Deltanewsroom | Sumbawa, 25 Juni 2026 – Pemerintah Kabupaten Sumbawa terus berupaya merealisasikan berbagai program prioritas yang menjadi bagian dari komitmen pembangunan daerah. Hal tersebut disampaikan Wakil Bupati Sumbawa, Drs. H. Mohamad Ansori, saat menerima audiensi mahasiswa di Kantor Bupati Sumbawa, Kamis (25/06/2026).
Dalam dialog tersebut, mahasiswa menyampaikan sejumlah masukan serta mempertanyakan perkembangan pelaksanaan program-program unggulan Pemerintah Kabupaten Sumbawa. Menanggapi hal itu, Wabup Ansori menjelaskan berbagai langkah yang telah dilakukan pemerintah daerah untuk memastikan program prioritas dapat berjalan secara bertahap dan memberikan manfaat bagi masyarakat.
Wabup menegaskan bahwa program unggulan yang telah dirancang pemerintah daerah merupakan amanah yang harus dilaksanakan. Menurutnya, setiap komitmen kepada masyarakat memiliki tanggung jawab besar untuk diwujudkan melalui kerja nyata dan perencanaan yang matang.
“Janji adalah amanah yang harus ditunaikan. Pemerintah tentu memiliki tanggung jawab untuk memastikan program-program tersebut berjalan dan memberikan manfaat bagi masyarakat,” ujar Ansori.
Ia menjelaskan, sejumlah program saat ini mulai menunjukkan progres, salah satunya di sektor pertanian melalui pembangunan infrastruktur pendukung berupa sumur bor dan jaringan perpipaan. Program tersebut diarahkan untuk memperkuat ketersediaan air bagi petani sehingga produktivitas pertanian dapat meningkat.

Selain itu, Wabup juga menyampaikan langkah pemerintah daerah dalam melakukan penataan distribusi gas LPG subsidi 3 kilogram. Pemkab Sumbawa, kata dia, telah membentuk tim pengendalian dan melakukan berbagai upaya pengawasan, termasuk koordinasi dengan pihak terkait, inspeksi lapangan, hingga penindakan terhadap pangkalan yang terbukti melakukan pelanggaran.

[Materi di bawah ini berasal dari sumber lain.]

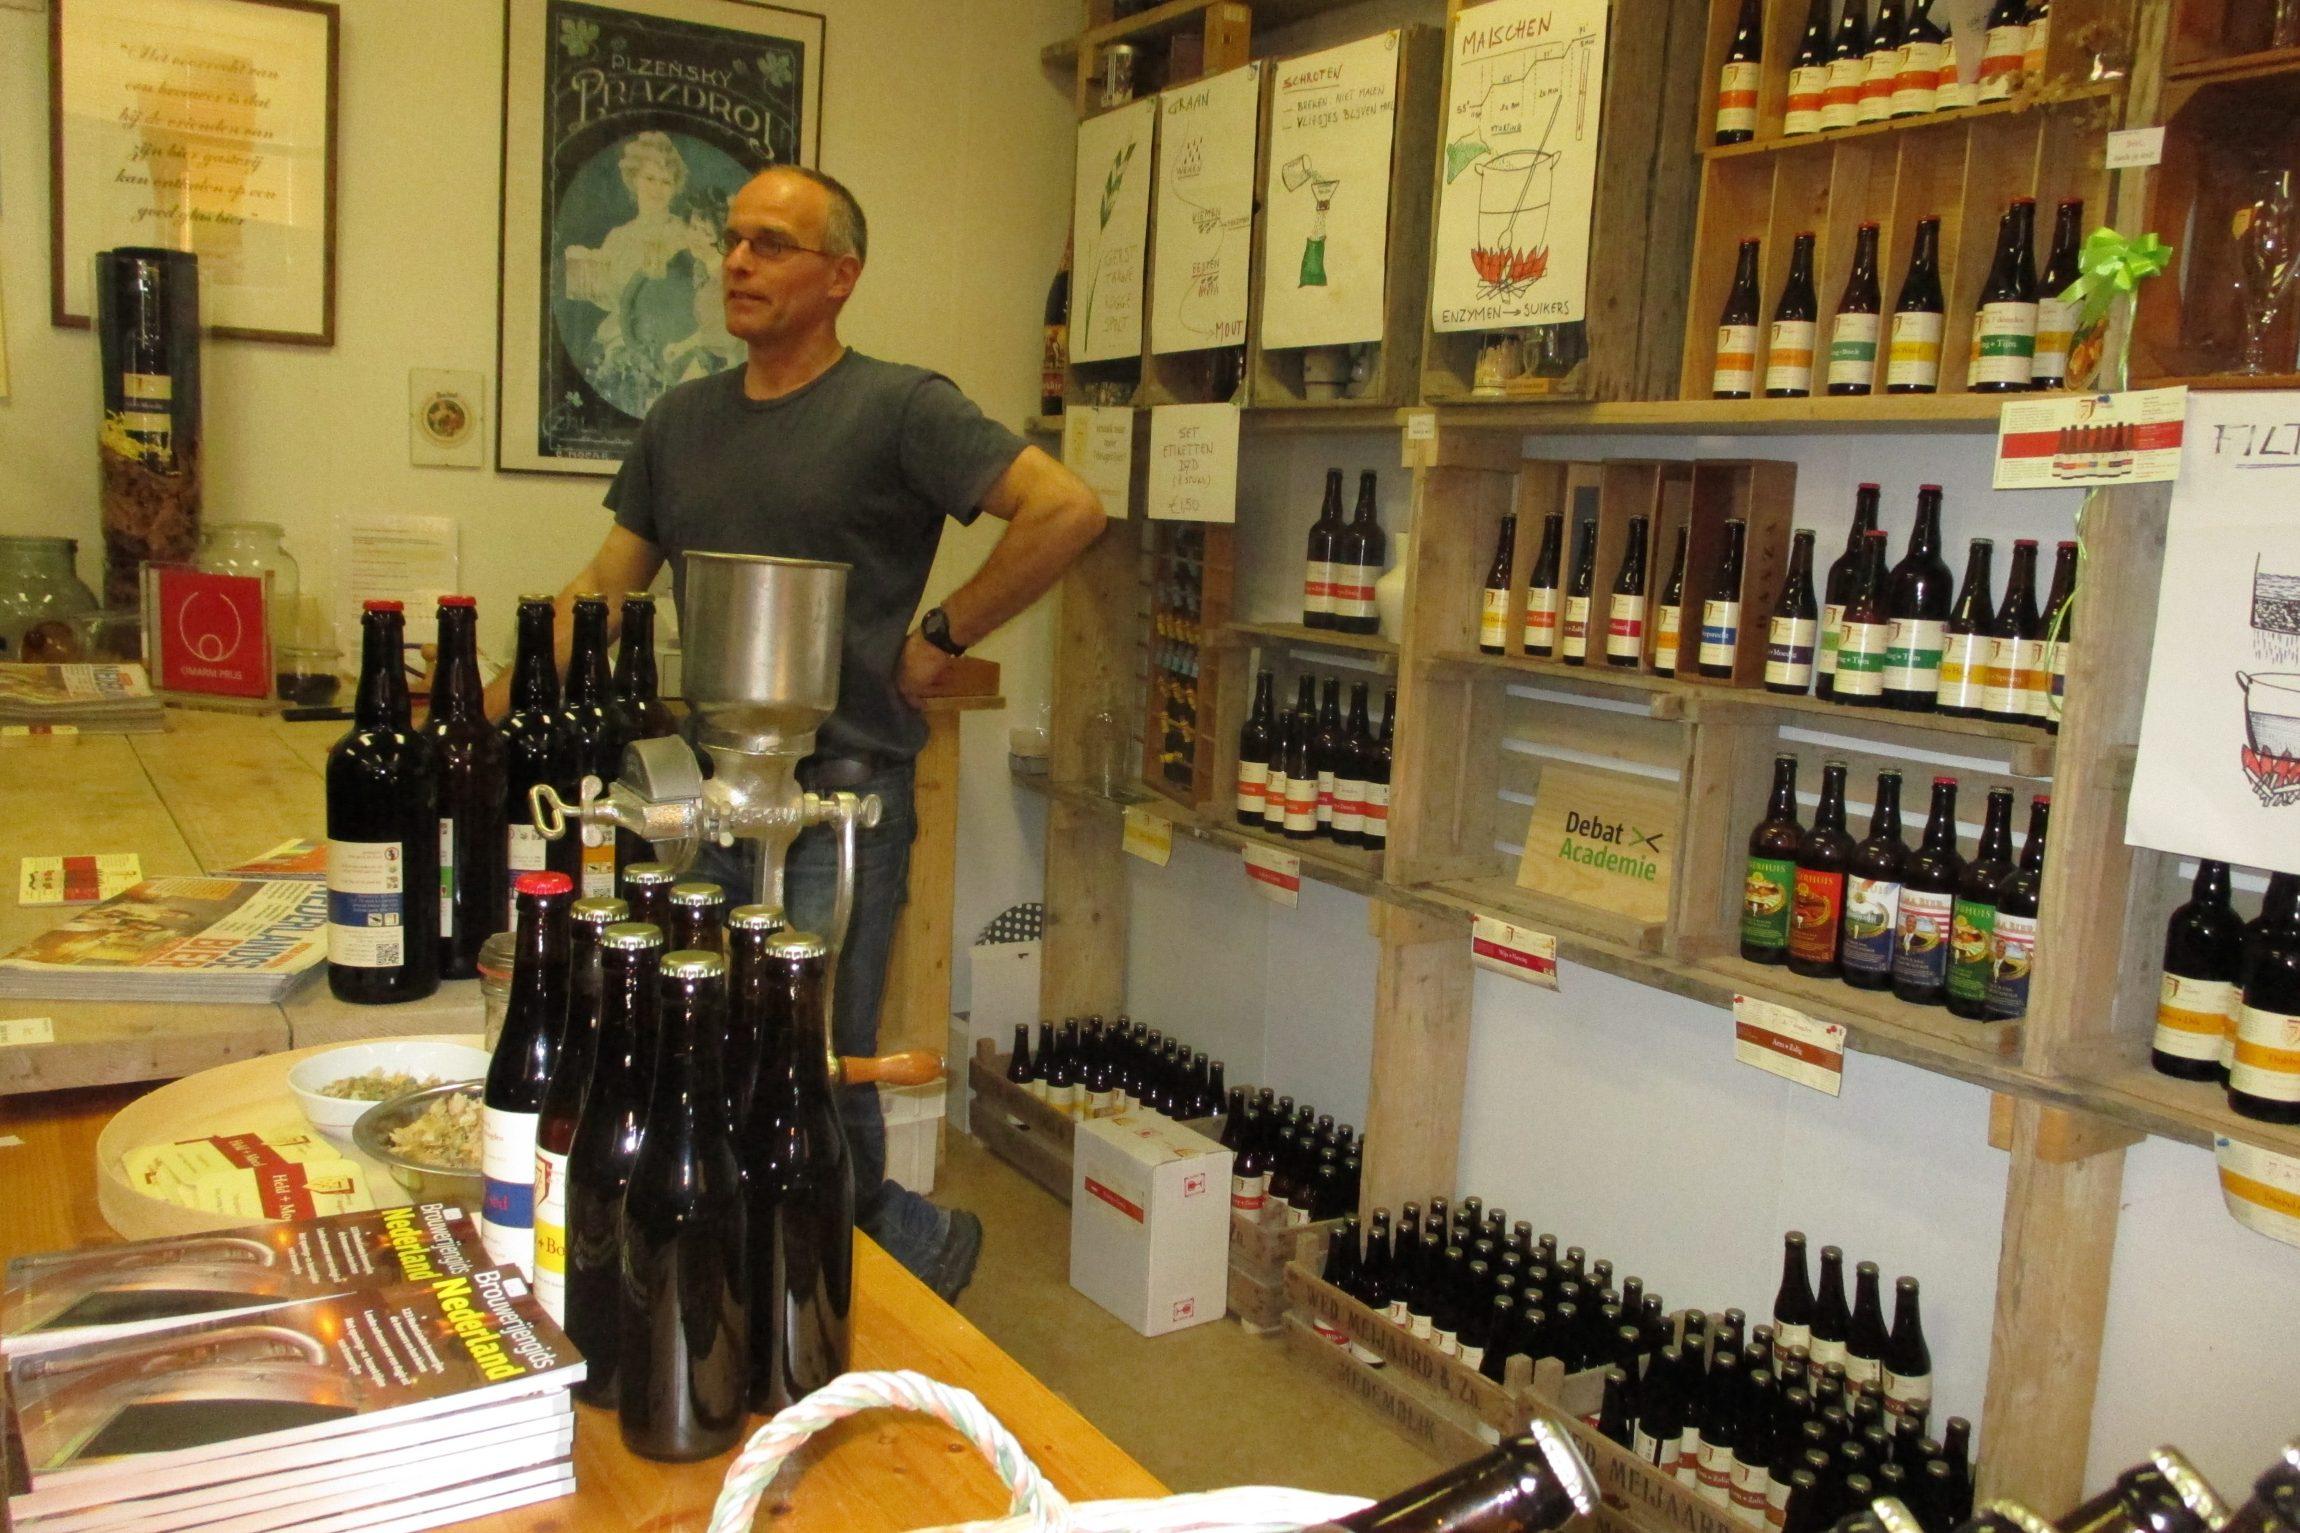 Veel sociaal ondernemers hebben werkgelegenheid tot doel en zijn gespecialiseerd in het werken met mensen die niet vanzelf in een reguliere arbeidsomgeving tot hun recht komen. Voorbeelden zijn: Specialisterren (software-testbedrijf met autistische jongeren), The Chairman at Work (stoelmassages door blinden), Ctaste (pikdonker restaurant waar blinden werken), Brouwerij De 7 Deugden (bierbrouwerij met medewerkers met een…

Menurutnya, pemerintah daerah juga telah mengeluarkan kebijakan untuk memperbaiki tata kelola distribusi LPG subsidi agar masyarakat penerima manfaat mendapatkan haknya sesuai ketentuan.

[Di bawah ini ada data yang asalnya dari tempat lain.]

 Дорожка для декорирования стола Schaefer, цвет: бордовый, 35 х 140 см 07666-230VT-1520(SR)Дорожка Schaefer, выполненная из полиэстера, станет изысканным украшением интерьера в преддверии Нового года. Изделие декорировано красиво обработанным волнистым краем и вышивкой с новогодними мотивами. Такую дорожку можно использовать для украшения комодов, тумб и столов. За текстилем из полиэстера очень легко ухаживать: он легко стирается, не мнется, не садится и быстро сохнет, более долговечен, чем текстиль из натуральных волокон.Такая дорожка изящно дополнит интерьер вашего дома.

“Kami terus melakukan pengawasan agar distribusi LPG subsidi berjalan tepat sasaran dan tidak merugikan masyarakat,” jelasnya.
Dalam bidang pendapatan daerah, Pemkab Sumbawa juga terus melakukan pembenahan melalui pembaruan data Pajak Bumi dan Bangunan Perdesaan dan Perkotaan (PBB-P2). Langkah tersebut dilakukan sebagai upaya menggali potensi Pendapatan Asli Daerah (PAD) yang nantinya dapat mendukung pembiayaan pembangunan.

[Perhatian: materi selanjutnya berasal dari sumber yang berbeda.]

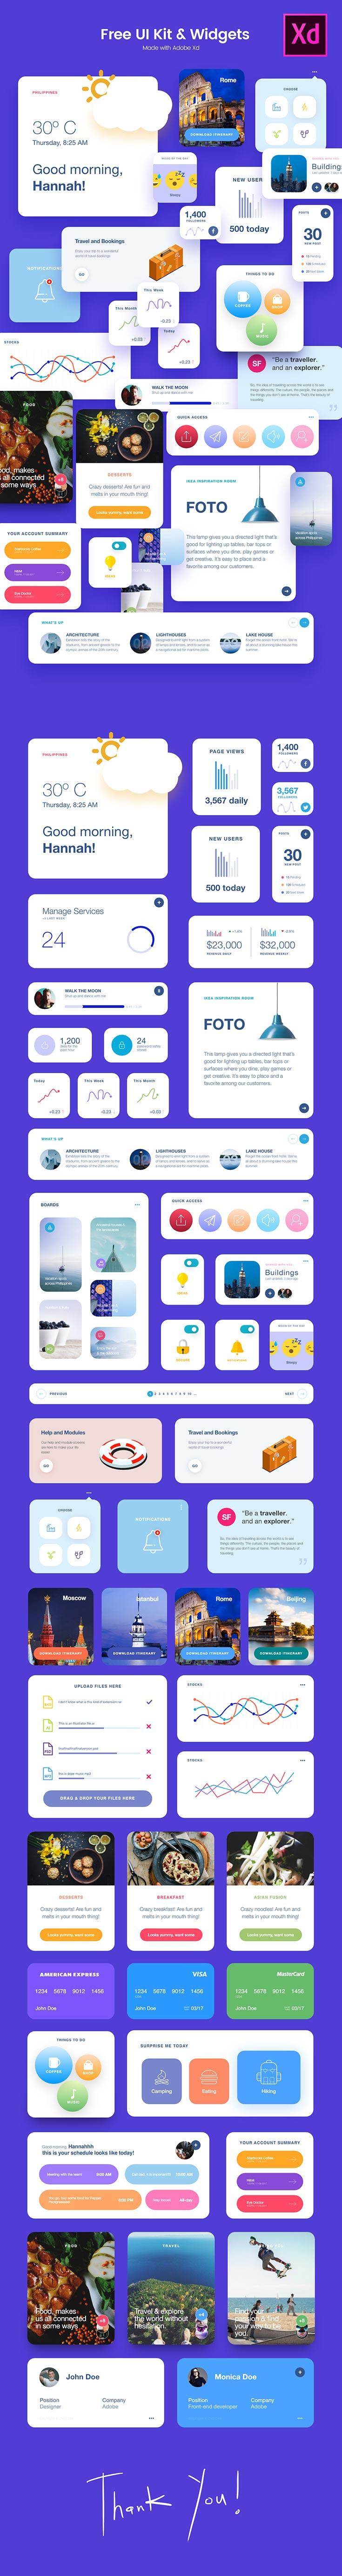 Free UI Kit and Widgets

Sementara pada sektor infrastruktur, Wabup Ansori menyampaikan bahwa pemerintah daerah telah melakukan identifikasi terhadap sejumlah kebutuhan pembangunan dan perbaikan jalan maupun jembatan. Pemkab Sumbawa juga terus membangun komunikasi dengan pemerintah pusat untuk mendapatkan dukungan anggaran dalam mempercepat pembangunan infrastruktur.
Untuk memperluas kesempatan kerja masyarakat, pemerintah daerah juga menjalankan berbagai program melalui pelatihan keterampilan, dukungan bagi pelaku UMKM, penguatan kelompok usaha, serta kerja sama penempatan tenaga kerja.
Wabup Ansori mengakui bahwa seluruh program tidak dapat direalisasikan secara instan karena membutuhkan tahapan, perencanaan, serta sinergi dari berbagai pihak.
“Tidak semua program bisa selesai dalam waktu singkat. Tahun awal ini menjadi fase membangun fondasi agar program dapat berjalan kuat dan berkelanjutan,” ungkapnya.
Di akhir pertemuan, Wabup mengajak mahasiswa dan seluruh elemen masyarakat untuk terus mengambil peran dalam mengawal pembangunan daerah. Menurutnya, kritik, saran, dan pengawasan publik menjadi bagian penting dalam memastikan kebijakan pemerintah berjalan sesuai tujuan.
Pemerintah Kabupaten Sumbawa berharap kolaborasi antara pemerintah dan masyarakat terus terjaga sehingga setiap program pembangunan dapat dirasakan manfaatnya secara luas oleh masyarakat.(red).